• [Source material]
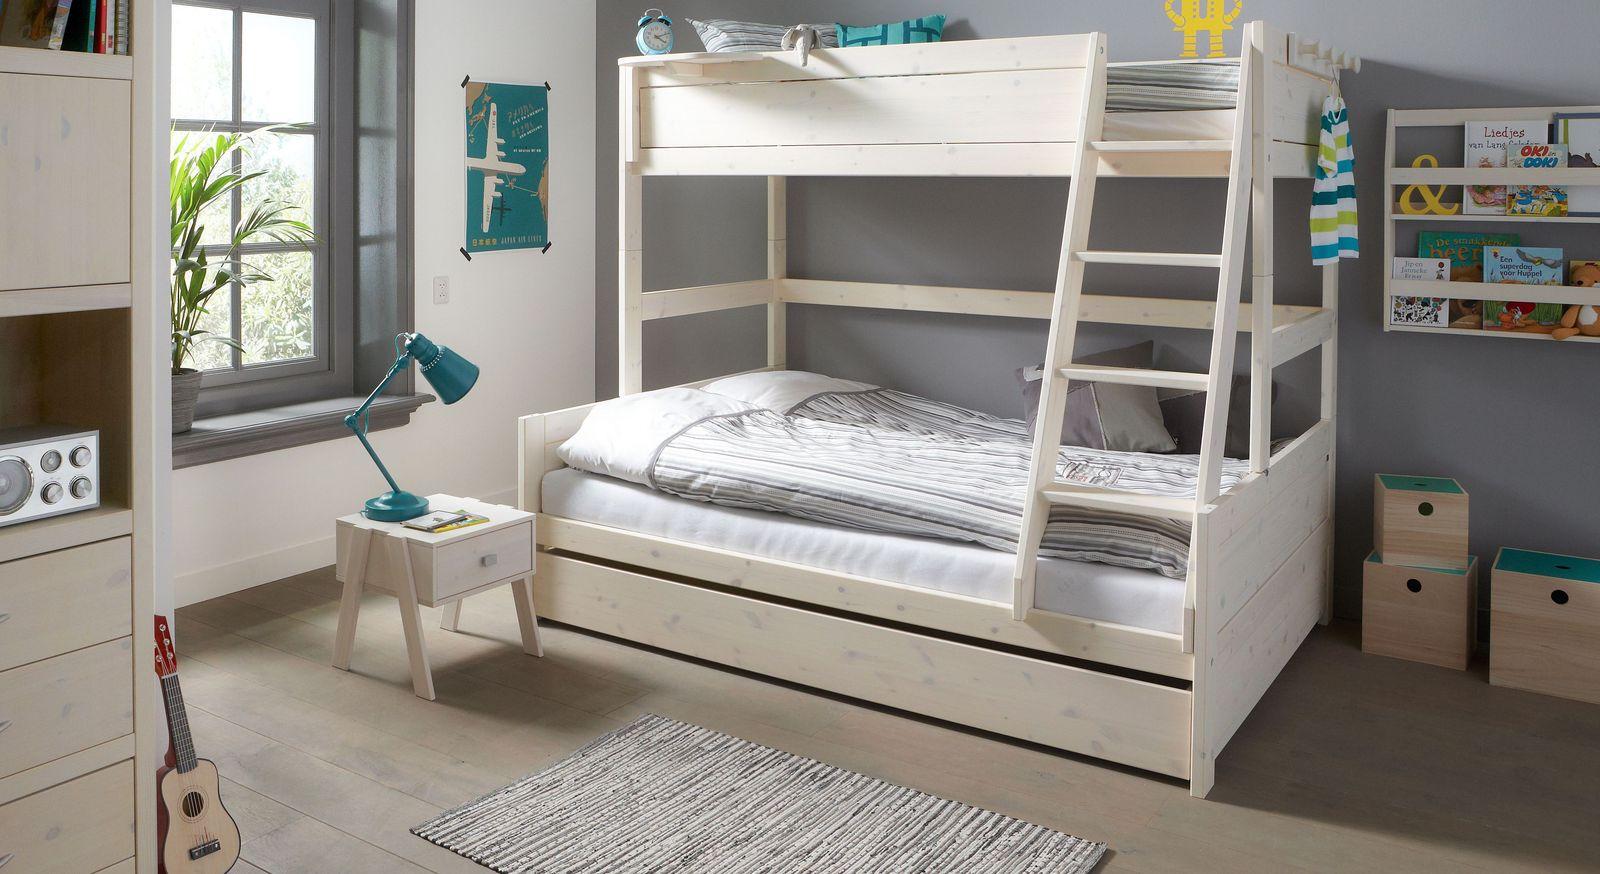 LIFETIME Familienbett Original aus weiß lasiertem Massivholz
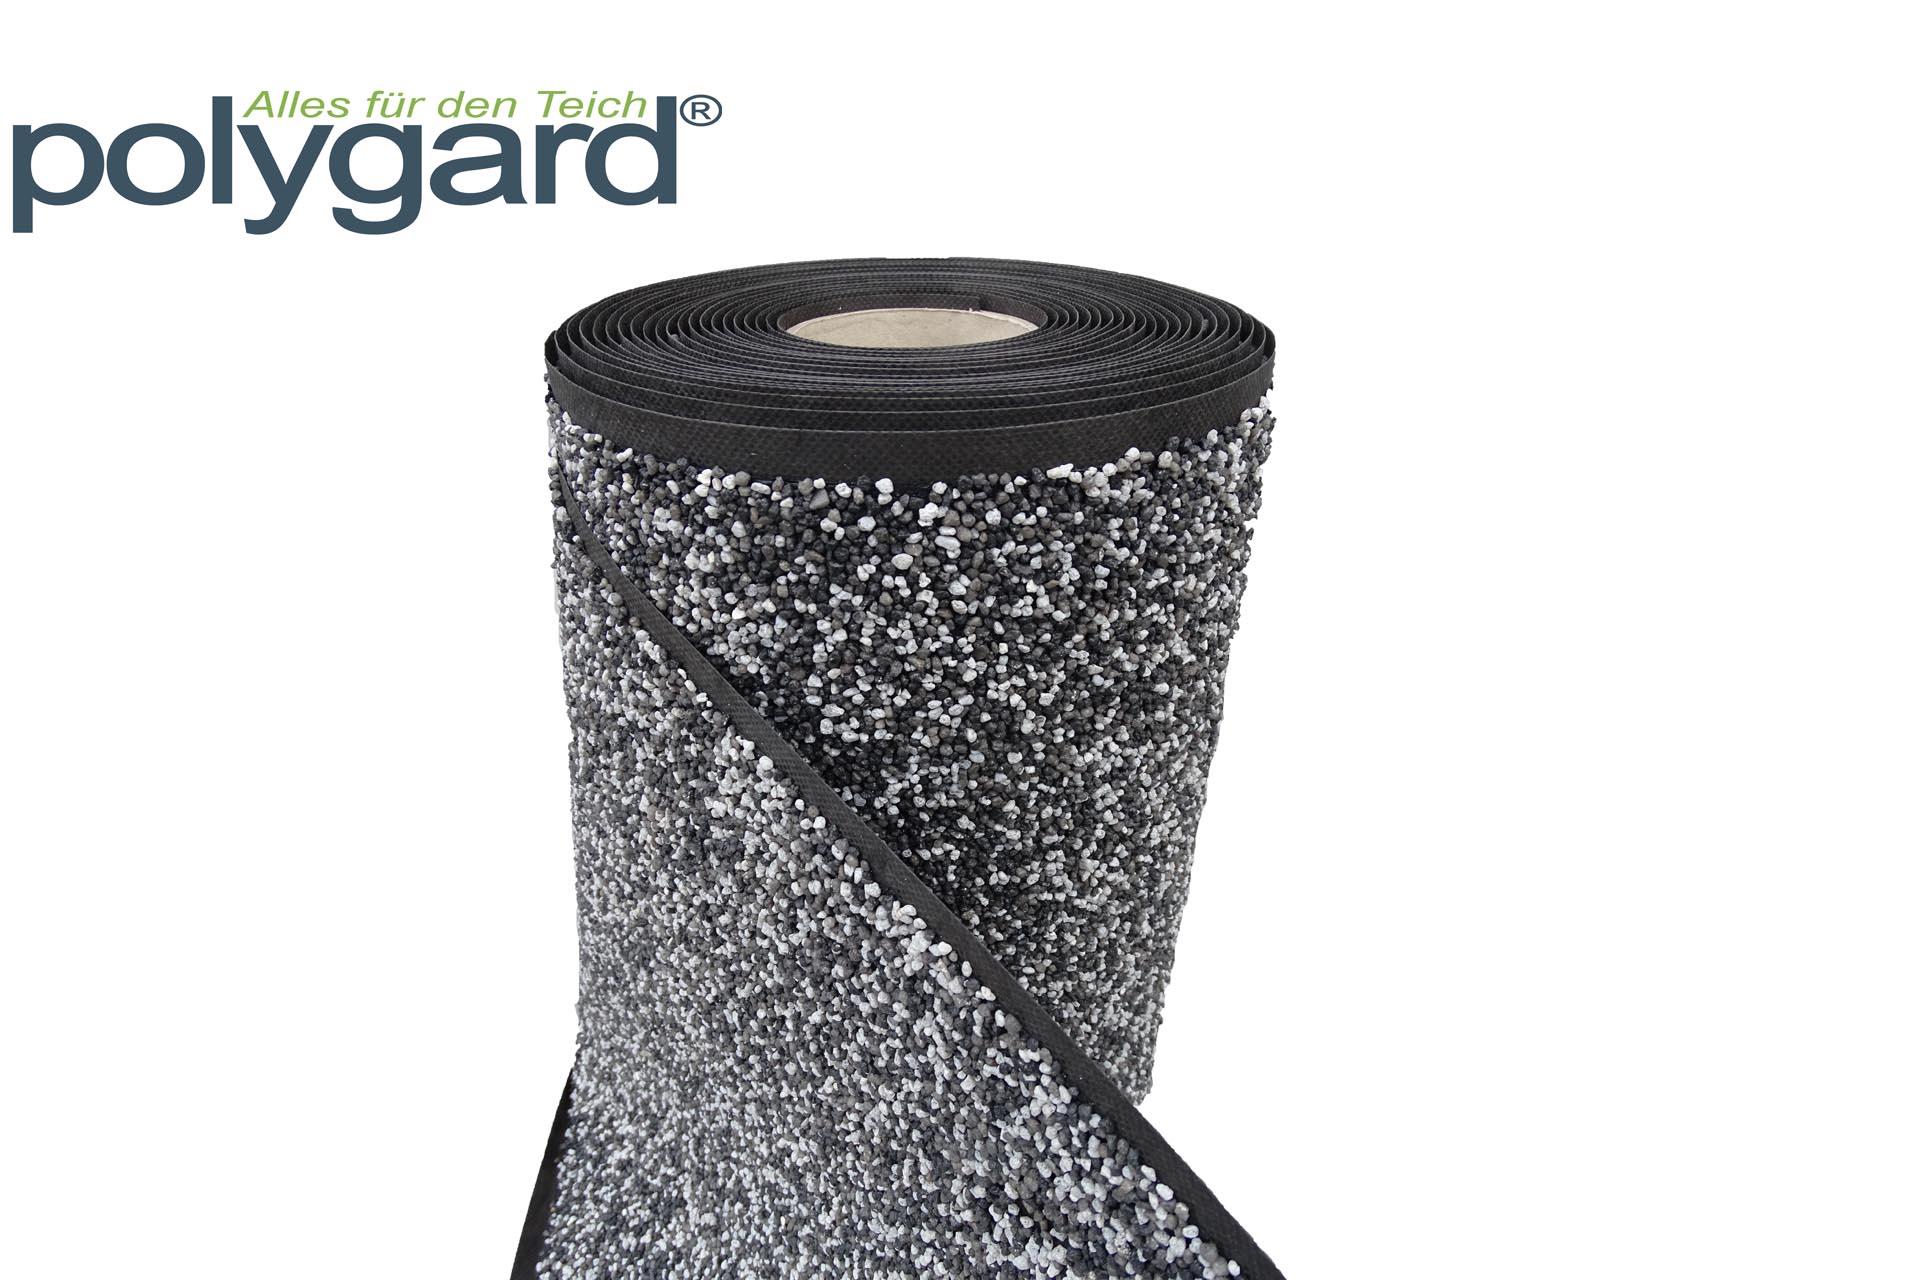 Steinfolie - Polygard - Granitgrau
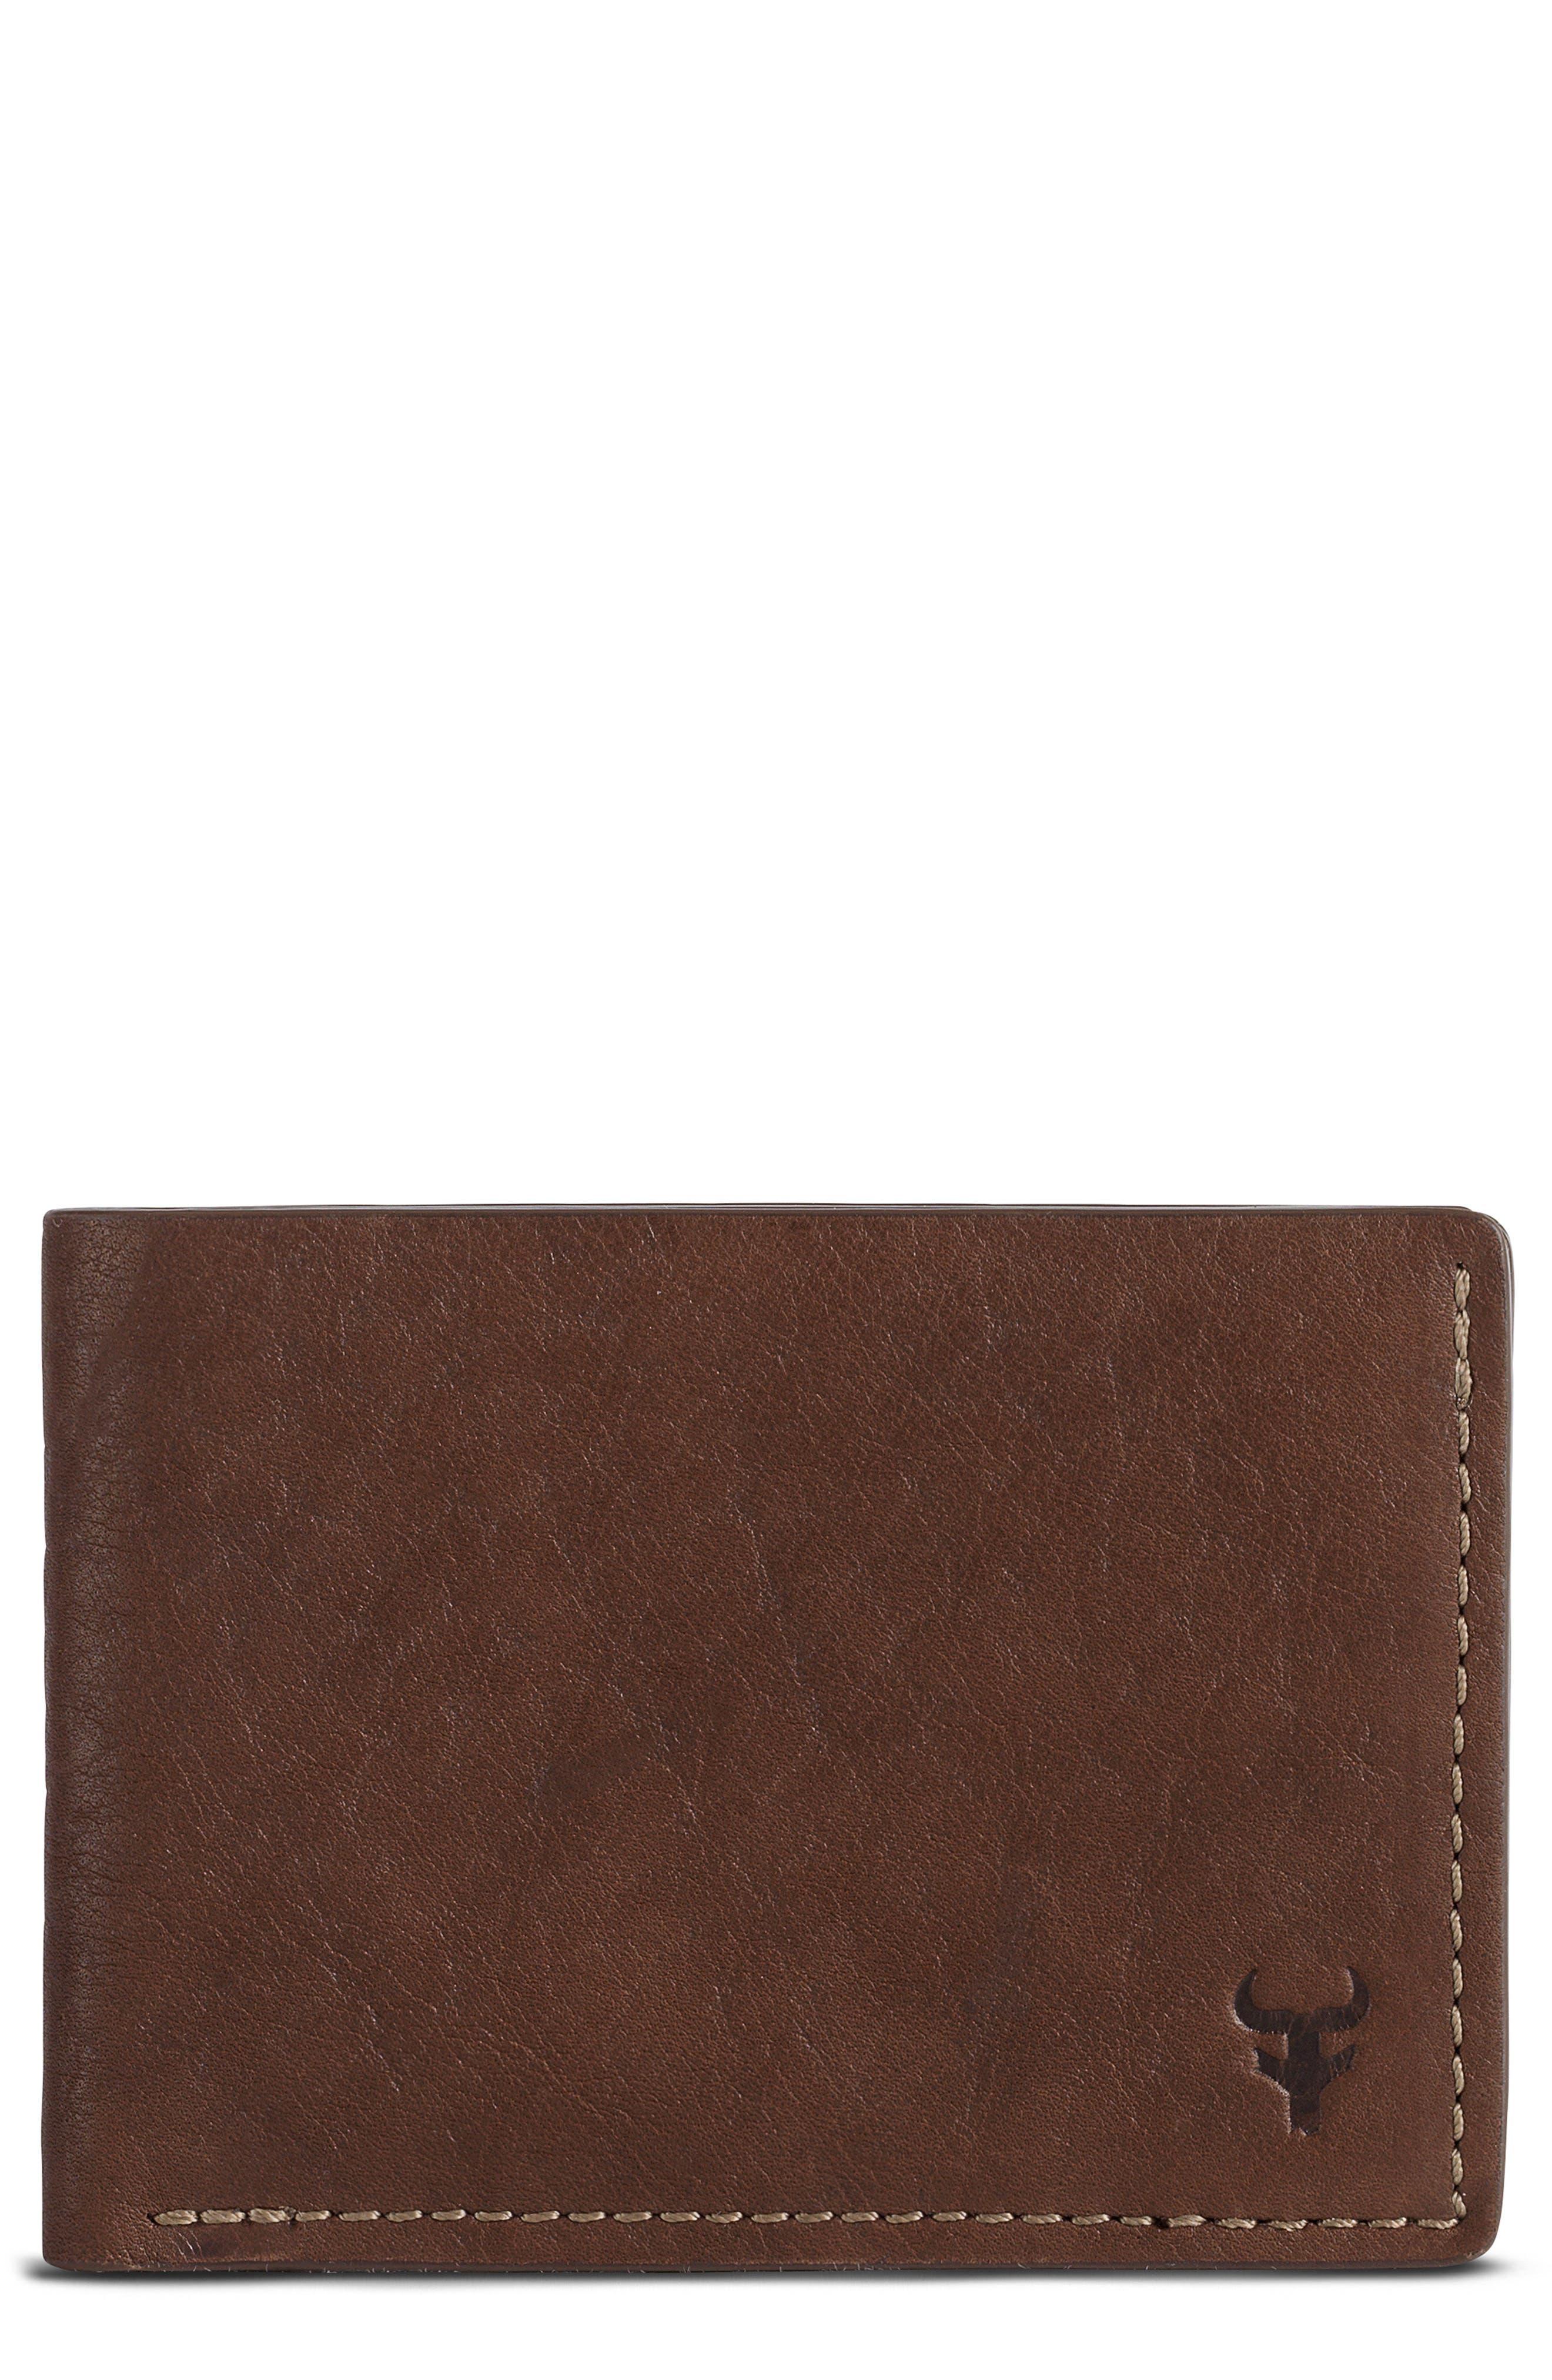 Jackson Super Slim Wallet,                             Main thumbnail 1, color,                             200
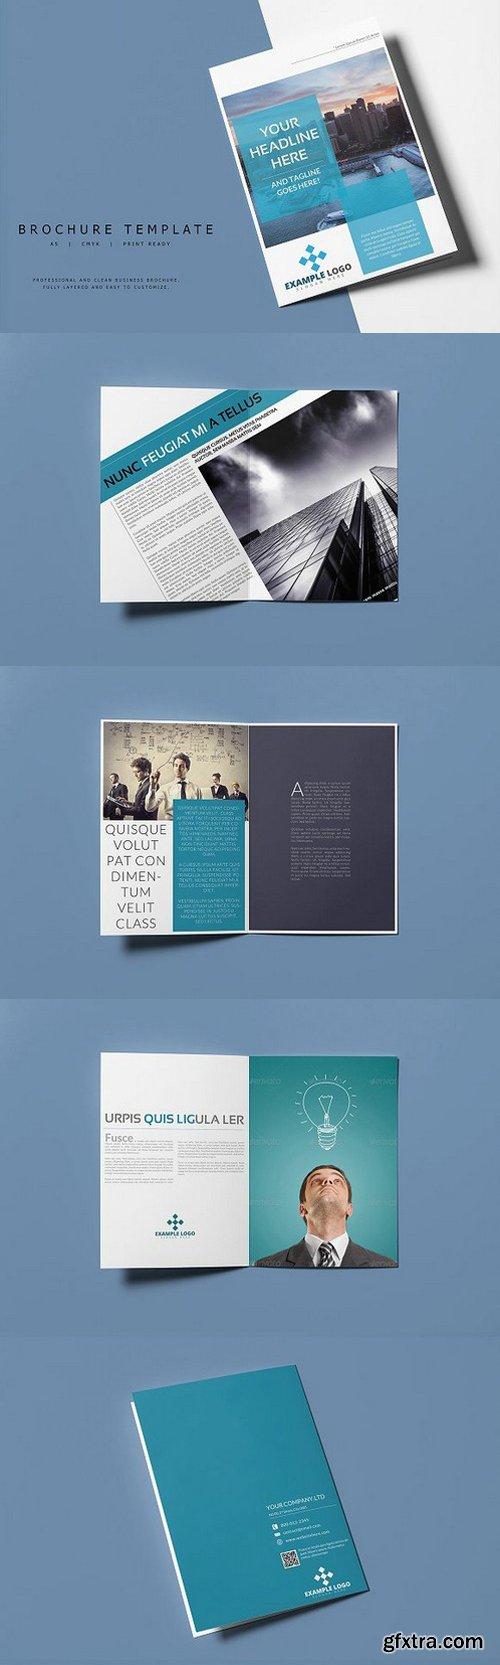 Brochure Template 14

• [Directions]
No picture belongs in the copy; return the rest of the listing exactly.

• [Output for this task]
 LIFETIME Familienbett Original aus weiß lasiertem Massivholz
 Steinfolie - Polygard - Granitgrau
 Jackson Super Slim Wallet,                             Main thumbnail 1, color,                             200
 Brochure Template 14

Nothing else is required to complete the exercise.